Prolific dressage sire Sandro Hit has been euthanized after a short infection led to broader health complications. He was 28.
“Sandro Hit was especially close to my heart,” owner Paul Schockemöhle said in a press release. “He was something very special and the real founder of my now so large stallion station. His loss hits us very hard.”
Schockemöhle purchased Sandro Hit (Sandro Song—Loretta, Ramino-Welt As), who was bred by Reinhold Harder, at auction as a foal in Vechta in 1993.
In 1999, he won the World Championships for 6-year-old dressage horses in Arnheim, the Netherlands, under Dr. Ulf Möller, and then won the Bundeschampionate in Warendorf (Germany) that same year.
From then on, however, breeding took priority.
“Type, charisma, ground-hugging movement potential, rideability: Sandro Hit passed on his unmistakable melting pot to his offspring,” the press release announcing his death stated. “There was hardly a breeding area at home and abroad that did not make use of his genetics.”

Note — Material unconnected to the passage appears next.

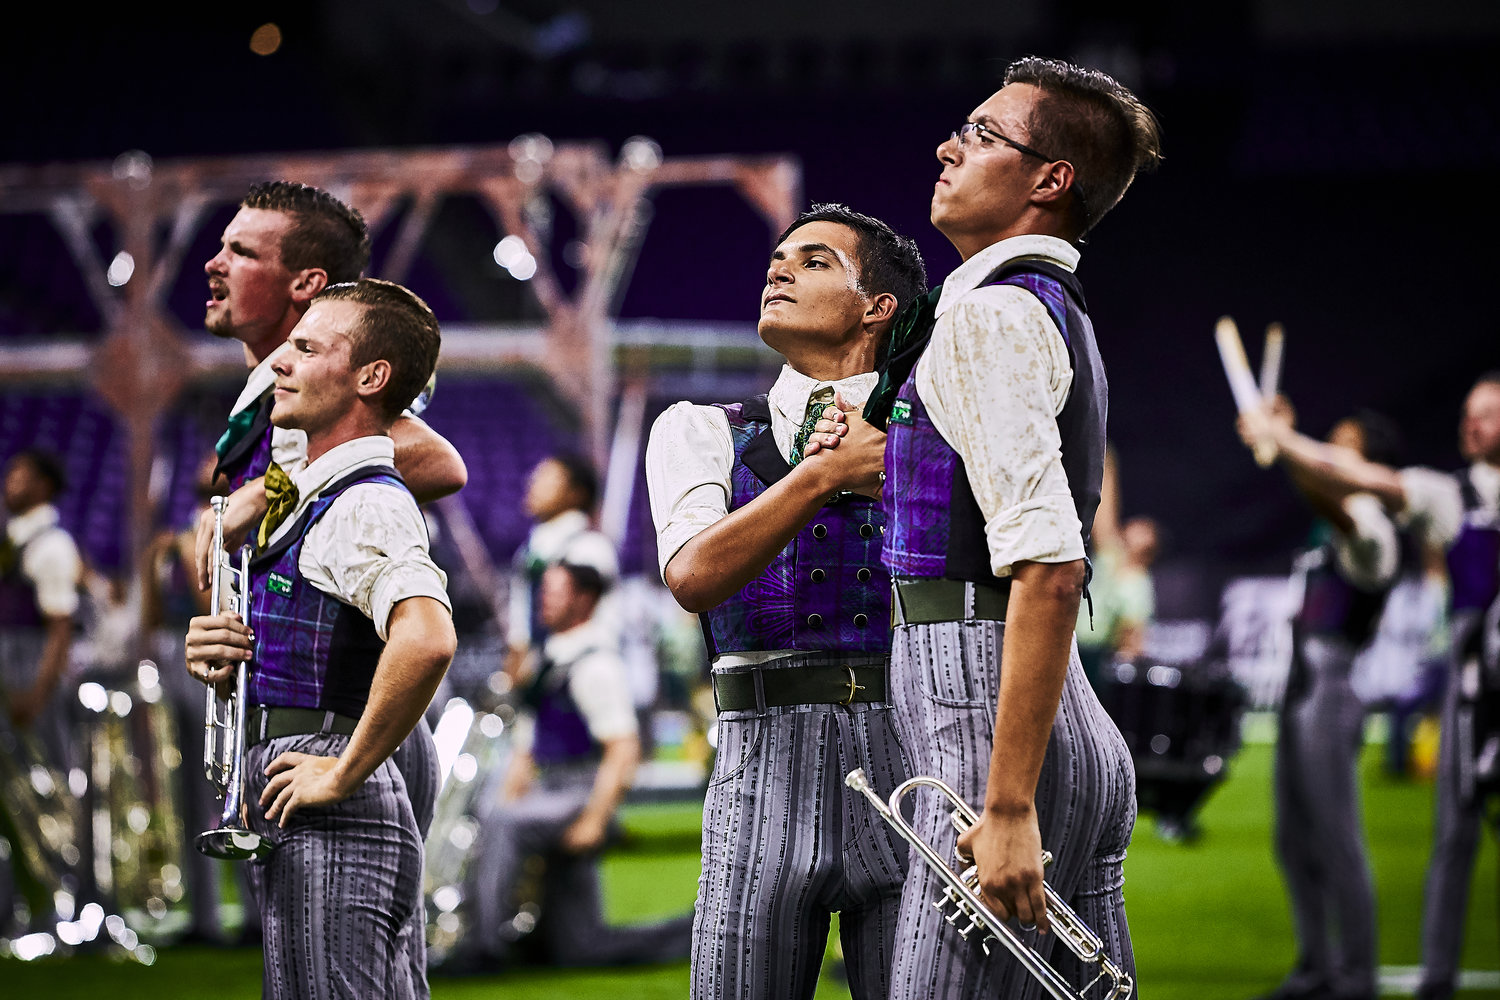 Cavaliers Drum & Bugle Corps finish 3rd

He became one of the world’s best dressage sires: In 2017 and 2018 he held second place in the World Breeding Federation for Sport Horses ranking of the most successful dressage stallions, and since 2019 he has been in third place.
He sired eight horses who competed in the Tokyo Olympic Games, including team gold-medal winner Showtime FRH under Dorothee Schneider, and he appears in the pedigree of all three horses on the silver-medal winning U.S. dressage team.
Eleven Bundeschampions can be attributed to Sandro Hit, most recently Sisters Act MT OLD in 2016, who subsequently also placed in front at the World Championships for Young Dressage Horses under Dorothee Schneider. Poetin (2003 Gold 5-year-old), Polka Hit Nexen (2008 Silver 6-year-old), Soliere (2010 Silver 6-year-old) and St. Emilion (2011 Bronze 6yo) also stood on the podium at the World Dressage Horse Championships.
Sandro Hit has over 200 licensed sons, including numerous licensing winners, premium stallions and stallion market leaders. Two of them—Sir Donnerhall I and San Amour—are stationed at the same stud in Mühlen, Germany, where Sandro Hit spent his life.
“I am very happy to have quality sons of Sandro Hit on station, securing his wonderful genes. It is a very difficult farewell,” Schockemöhle said.